Today, Larson approaches the design process by talking with messengers in other cities, whom he reaches via social media and traditional word-of-mouth advertising. They request custom color options and original art—everything from Homer Simpson to Darth Vader—and they describe their unique needs, helping Larson dream up modifications that may lighten their loads. Rarely doing so much as even sketching a design, Larson relies on his imagination and experience to determine how to cut and shape the fabric, and where to place pockets, straps, fasteners, and other features. “It’s a challenge,” he says, “to work purely mentally, to picture how the finished, three-dimensional product will look when it’s first laid out flat.”
Though this process was difficult in the beginning, Larson now knows to some extent what works. “I start with what it needs to hold, and basically design around that.”
When he decided to build the Monster, for example—an 8,000-cubic-inch bag meant for transporting food—Larson gathered some pizza boxes and catering trays so he could build the bag around objects of those sizes. He reinforced the bag with a corrugated plastic shell and separate compartments for multiple orders, allowing messengers to carry more without crushing their customers’ sandwiches and donuts. “You still can’t e-mail food to people, or fax it,” Larson says, “so presentation really matters, especially when you’re working for tips.”
Like the design process, over the years sewing has also become less tiresome for Larson. “There wasn’t any eureka moment one day,” he says, “but you make those incremental improvements over time.” He appreciates the craft more now, too. “Sewing leads to a deeper appreciation of clothes and how things are made, which you can’t un-appreciate. You look at an object and start thinking about what went into making it; that sometimes can be a blessing and a curse.”
Larson and his team now offer a variety of designs, all of them informed by a desire to better serve the user and their cargo. A clever marketer, Larson gives the bags playful names like Dumpster, Landfill, Garbage Fire, and Trash Compactor. “Initially it was just a joke,” he says of his naming convention, “because messenger bags were meant for hauling your junk around.” Now, however, he appreciates the irony. “We make things that are long-lived, durable, and not throw-away items, so why not call them ‘trash’?” Turning serious, he adds, “I mean, what’s a good garbage reference that, at some point, doesn’t remind you to be socially conscious?”

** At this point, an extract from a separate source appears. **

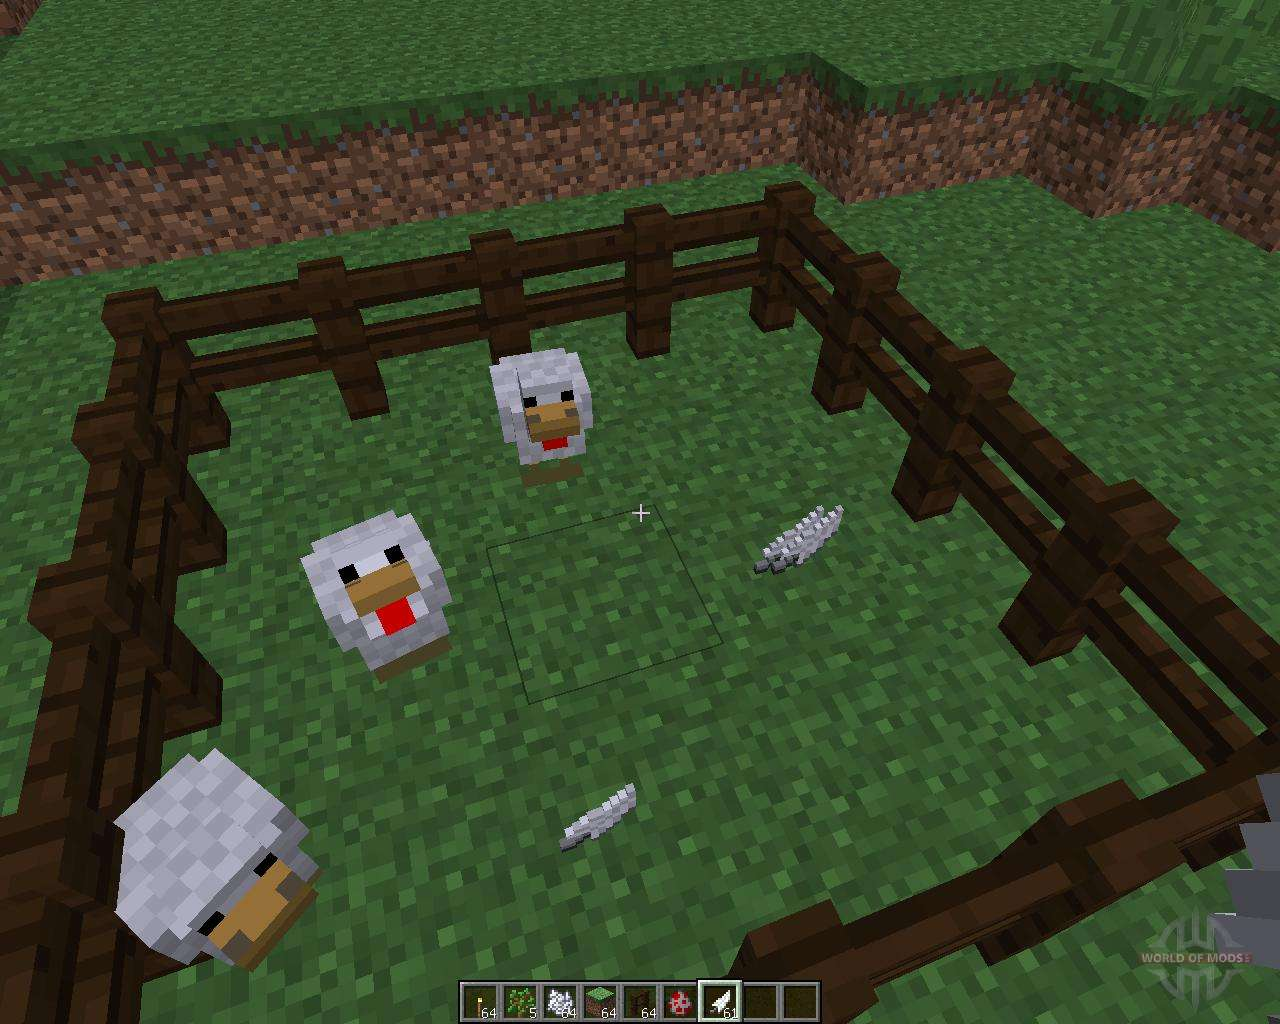 мод на chickenshed для майнкрафт 1.8 #1
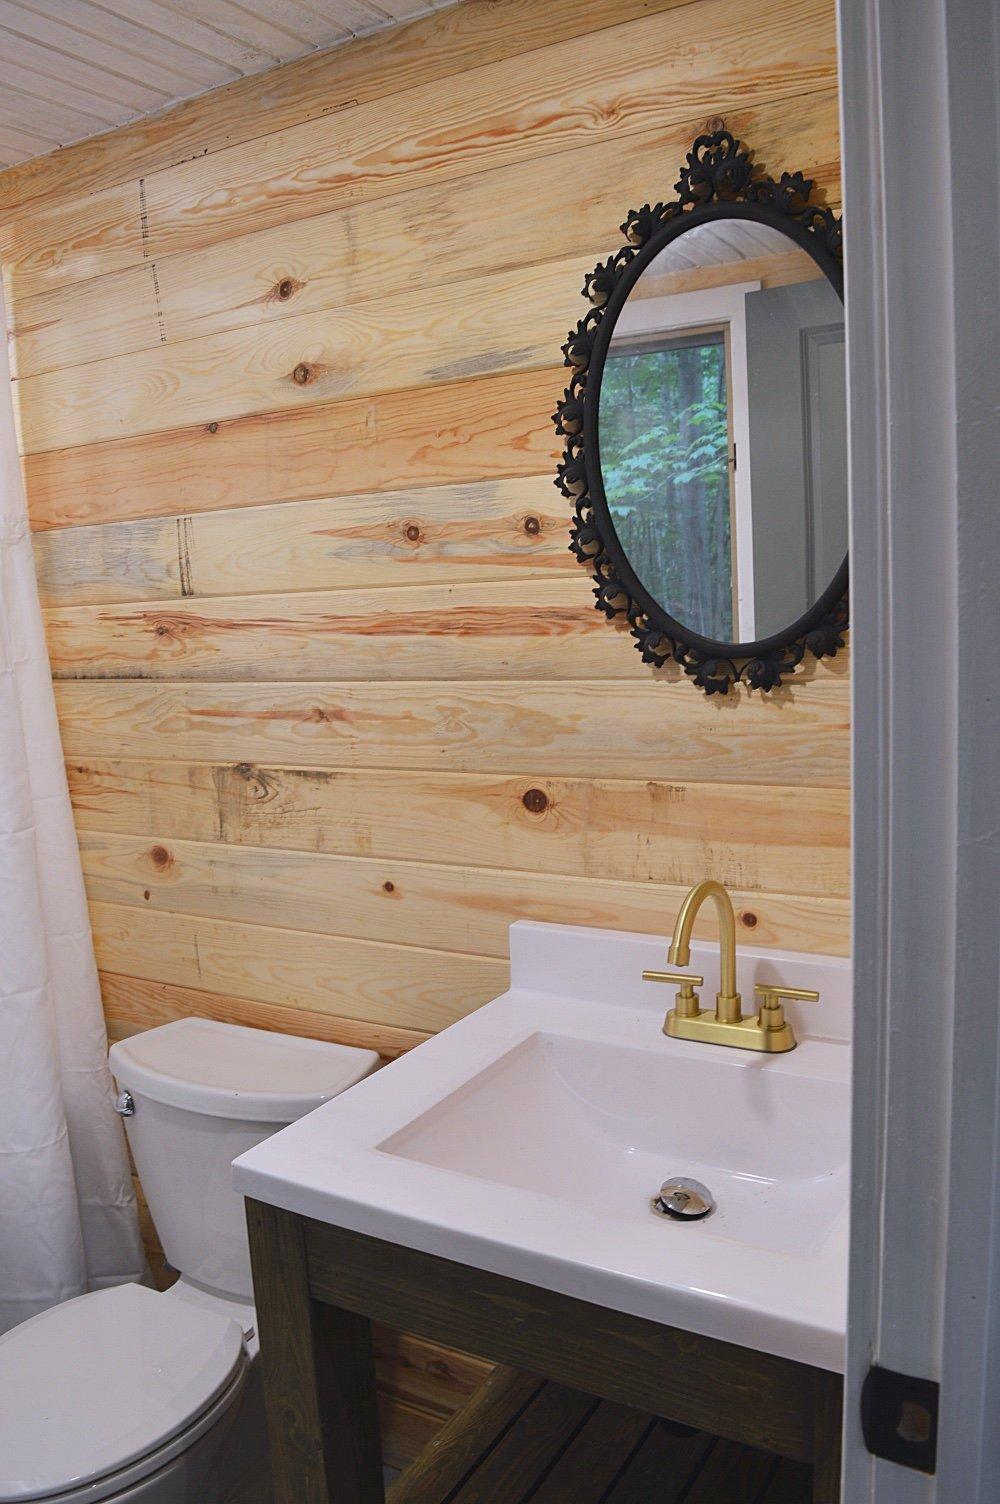 cabin bathroom in the woods

Though he’s no longer making deliveries, Larson appreciates the cycling community’s pro-environment streak. For starters, he rides to work most days on a Bridgestone bike he freed from a snowbank in 2005, and he drives an old 1990 Toyota Camry wagon, which belonged to his grandmother, only when necessary. Additionally, he travels annually to support the Cycle Messenger World Championships.
The championships draw up to 300 participants and feature events like bike polo, sprints, and a closed-course contest in which messengers race to successfully complete up to 100 pickups and drop-offs. Having competed and placed among the top finishers in previous years, Larson will attend this year’s championships in Paris as a sponsor. In fact, Trash Messenger Bags will be among the prizes awarded to winning riders.
Looking to the future, Larson says he has no plans to make Trash Messenger Bags a giant company. “I get e-mailed by Chinese factories offering to make my bags for me, but I don’t want to do that,” he says. He would prefer instead to maintain his brand’s integrity and keep managing the business himself, learning as he goes and responding to the needs of his customers as they come up.
To that end, Larson grabs a handful of bright orange material—trimmed from a road sign someone brought into his shop—and starts in on a set of phone holsters for a courier in Finland. He works quickly without a tape measure and begins sewing up some Velcro straps and belt loops, his hands following a pattern they know by heart.
“If you’re stubborn enough,” he says, “you can learn how to do almost anything.”